Beyond bones, strength training also helps preserve muscle mass and reduce the risk of falls in older adults. Falling is one of the leading causes of fractures in later life, so this indirect effect is at least equally important. A well-structured programme of 2 to 3 sessions per week, with sets of 5 to 8 repetitions at 50 to 80 percent of maximum strength, is recommended and is also feasible for older adults at home.

On safety: in the HiRIT study only one minor incident occurred across the entire training group (a mild back spasm), and there were no fractures, even in women with already weakened bones. One important caveat, however: the participants were otherwise healthy and strictly selected, and direct professional supervision was always present. Simply starting heavy lifting at home without guidance is therefore not what these studies tested.
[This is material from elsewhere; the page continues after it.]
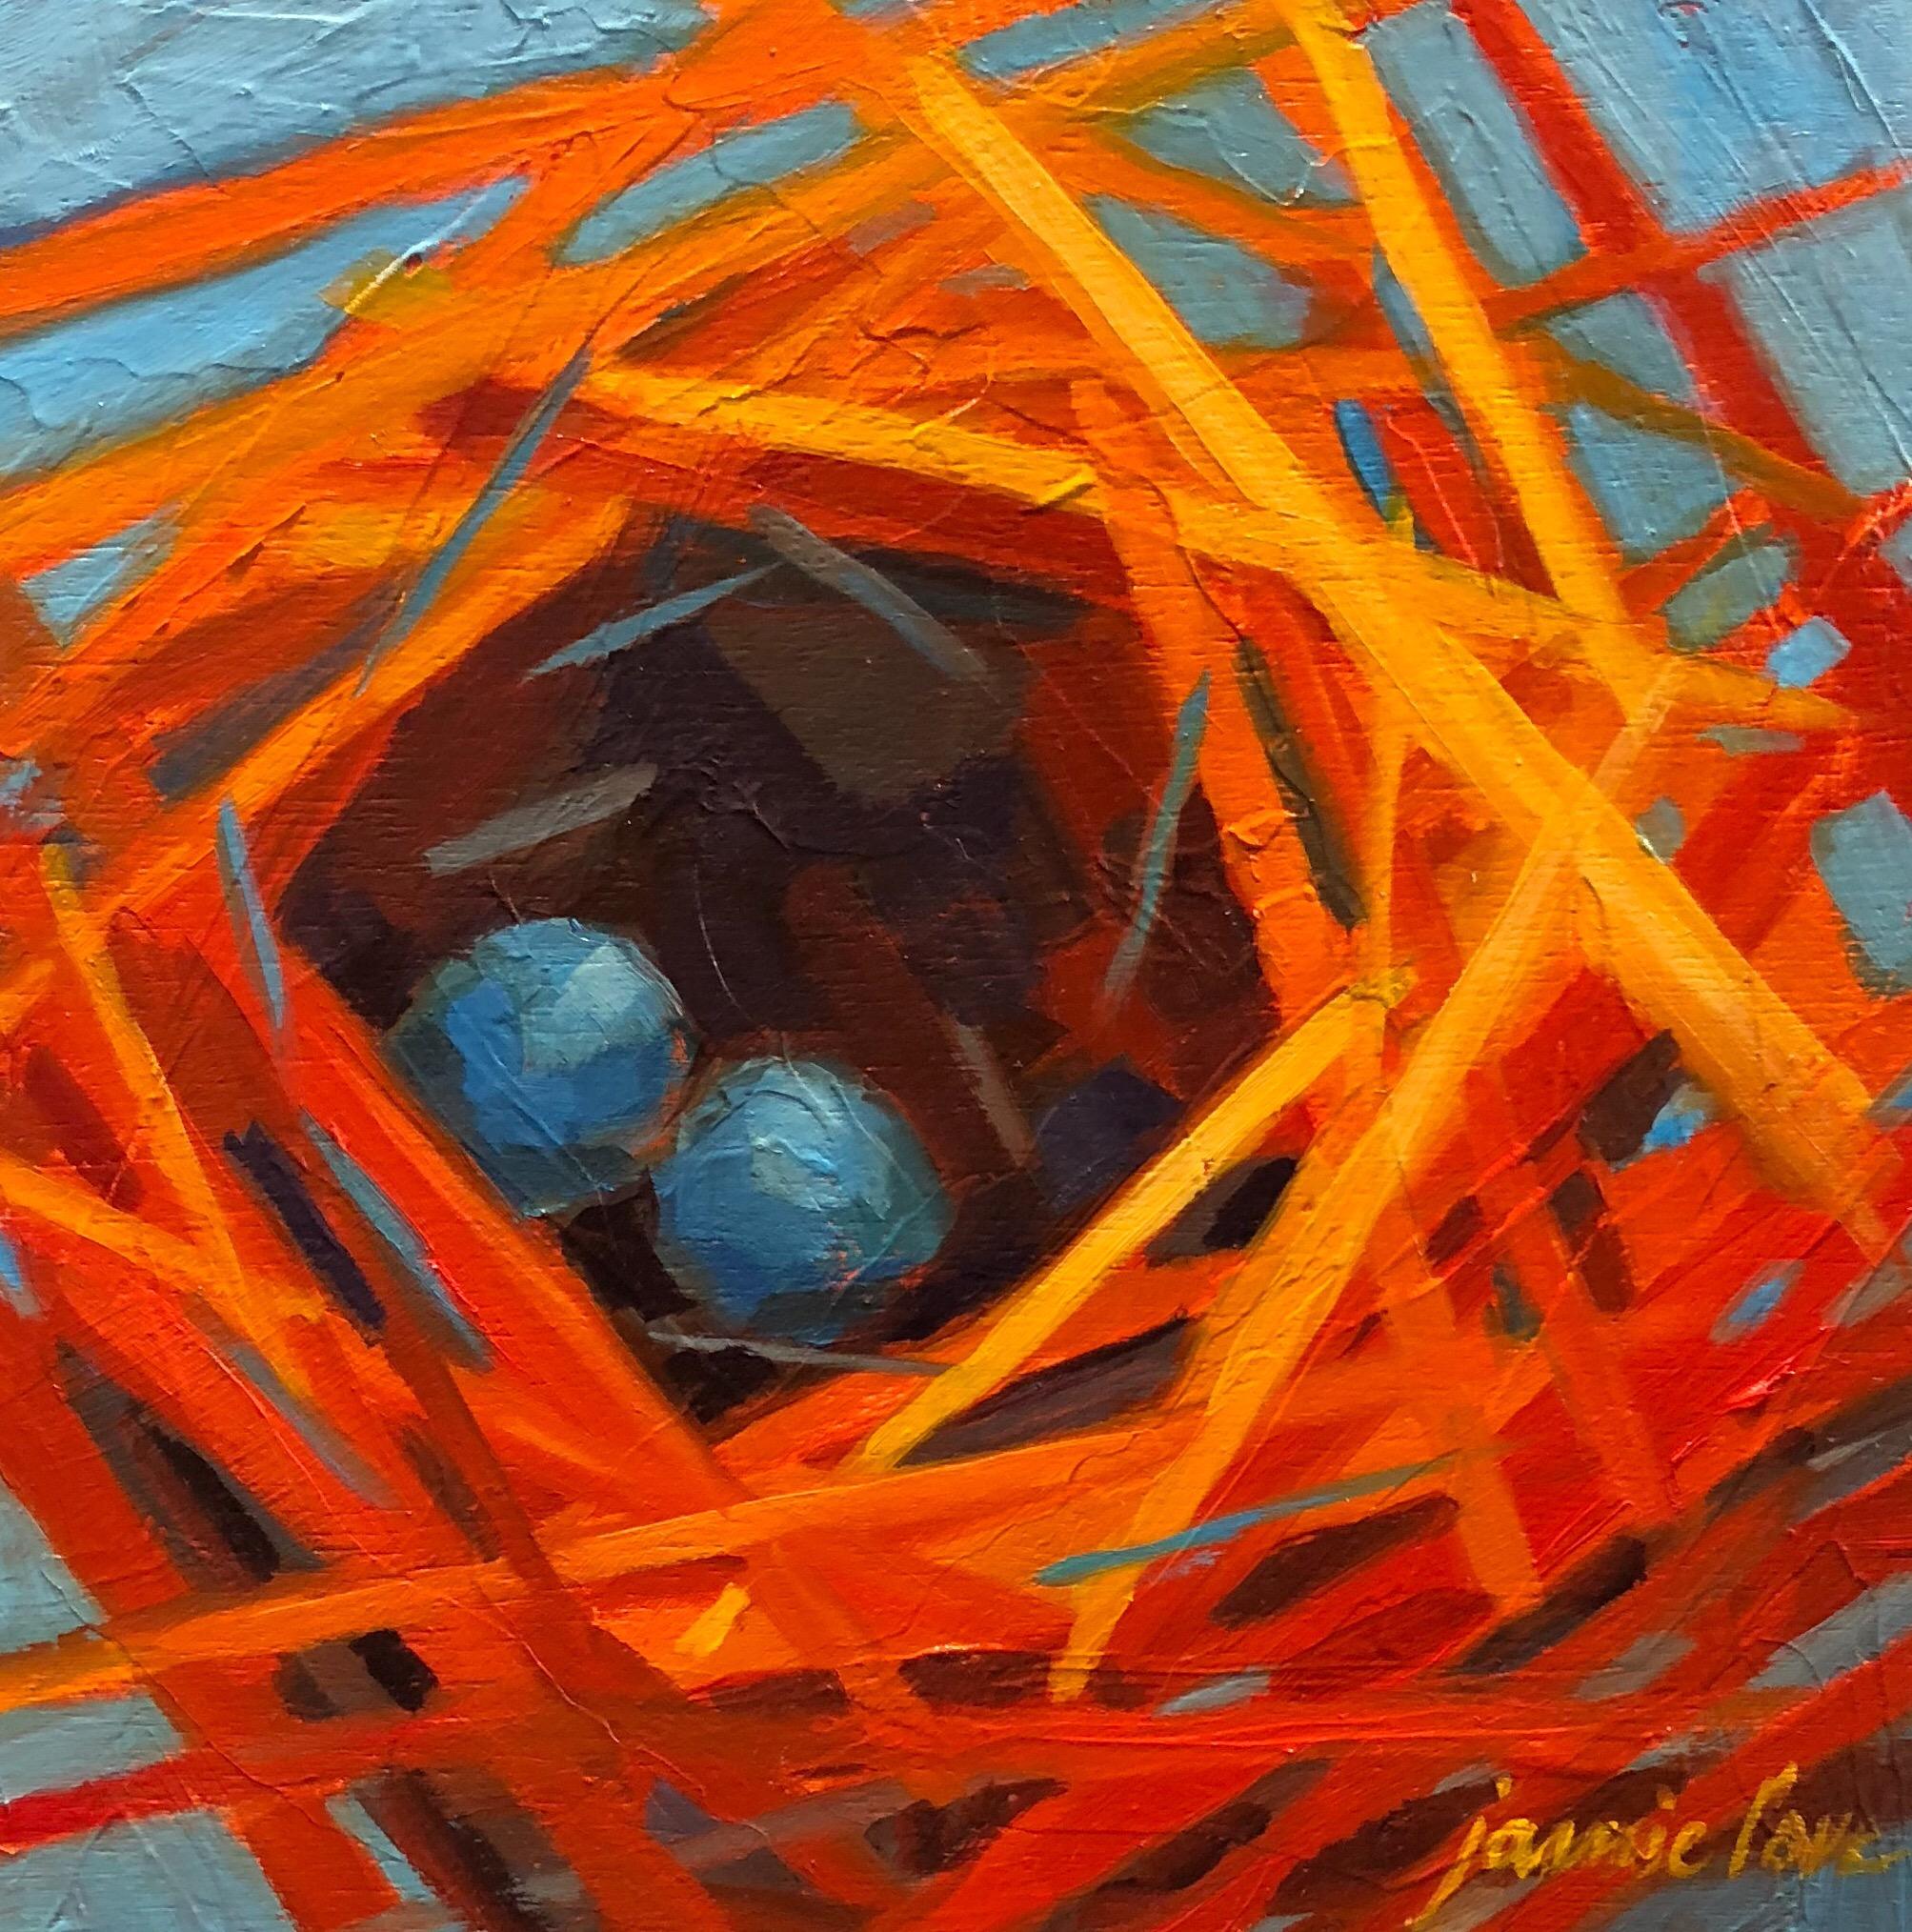 Abstract Orange Nest (SOLD)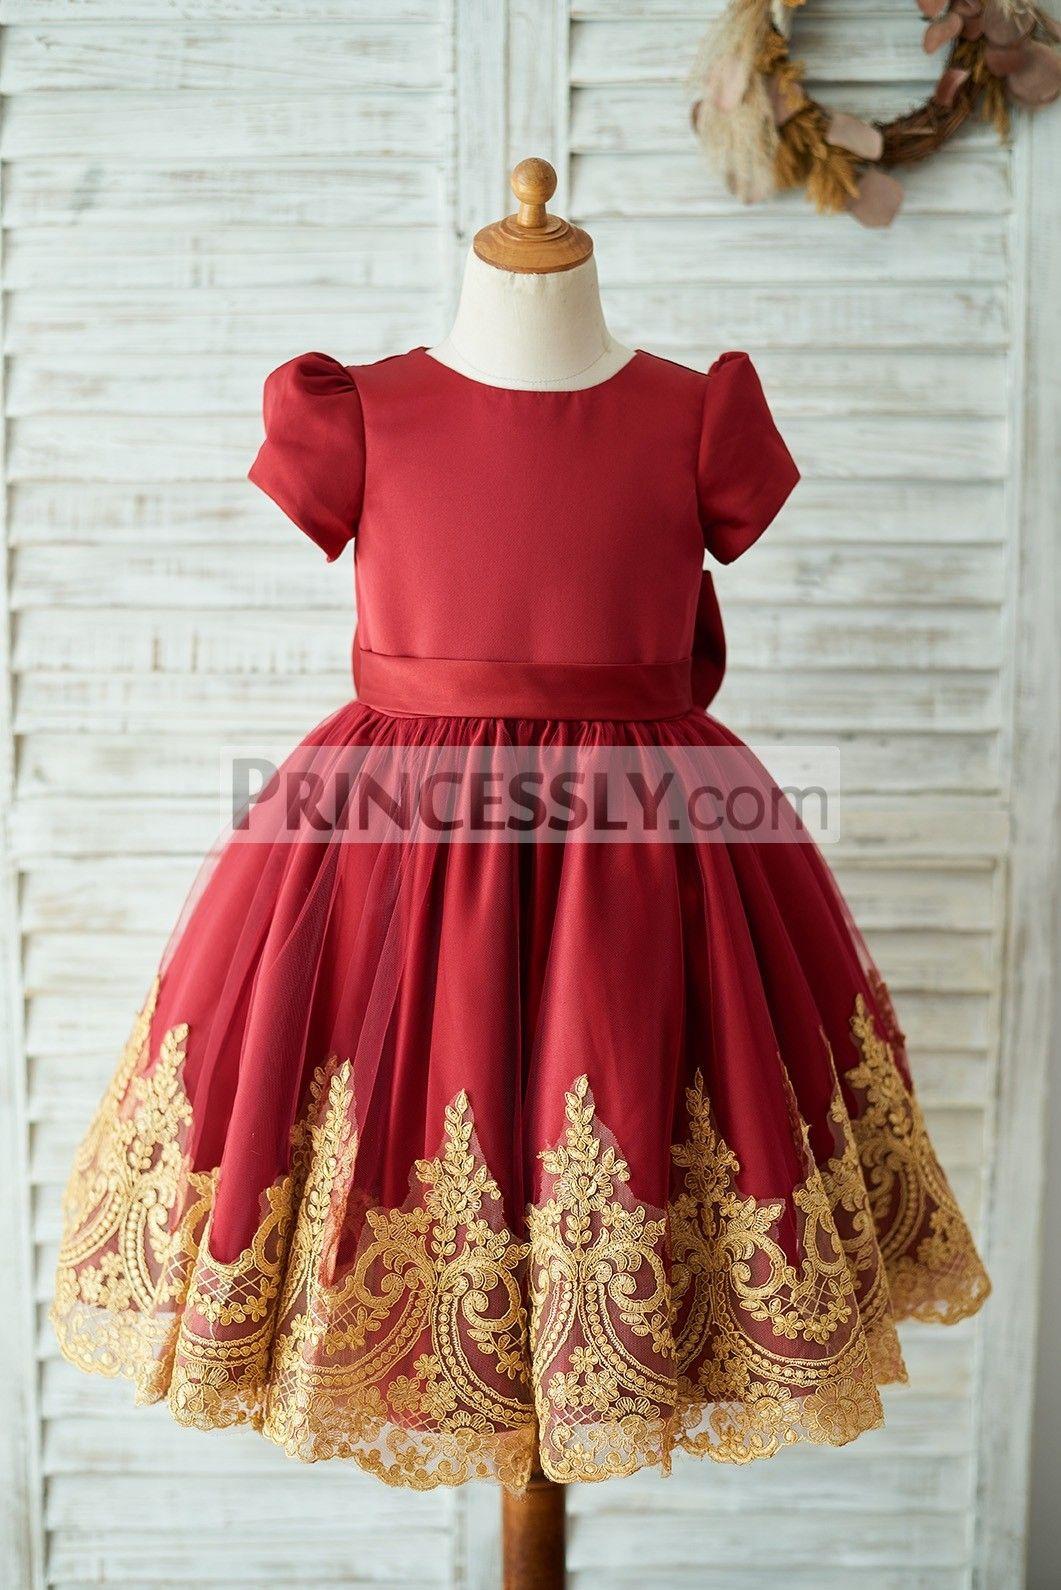 Red satin gold lace short sleeves keyhole back wedding flower girl

Strength training is recommended by guidelines as a supplement to medication, adequate calcium (1000-1200 mg per day) and vitamin D (600-800 IU per day) in the treatment and prevention of osteoporosis. In cases of severe osteoporosis, strength training alone is not sufficient; drug treatment remains necessary. Aerobic exercise such as walking is less effective than strength training for strengthening specific bones such as the hip and spine.

One nuance is that the quality of evidence for certain outcomes, such as the effect on hot flushes and functional capacity in postmenopausal women, is rated as low to very low by the researchers themselves. The positive effects on bone density have been demonstrated more consistently, but even there the caveat applies: studies are not always large enough or long enough, and the ideal training structure (how heavy, how often, which exercises) has not yet been precisely established by science.

How solid is this?

Evidence is based on one RCT (PMID 28975661), one meta-analysis of 17 studies (PMID 32399891), one systematic review/meta-analysis (PMID 36283059), a narrative review article (PMID 22777332), a review on sarcopenia (PMID 35055695), an early overview study (PMID 9927006) and two guideline documents/JAMA reviews (PMID 35478046, 40587168). None of the meta-analyses is an umbrella review; PMID 32399891 and 36283059 are meta-analyses used as direct sources.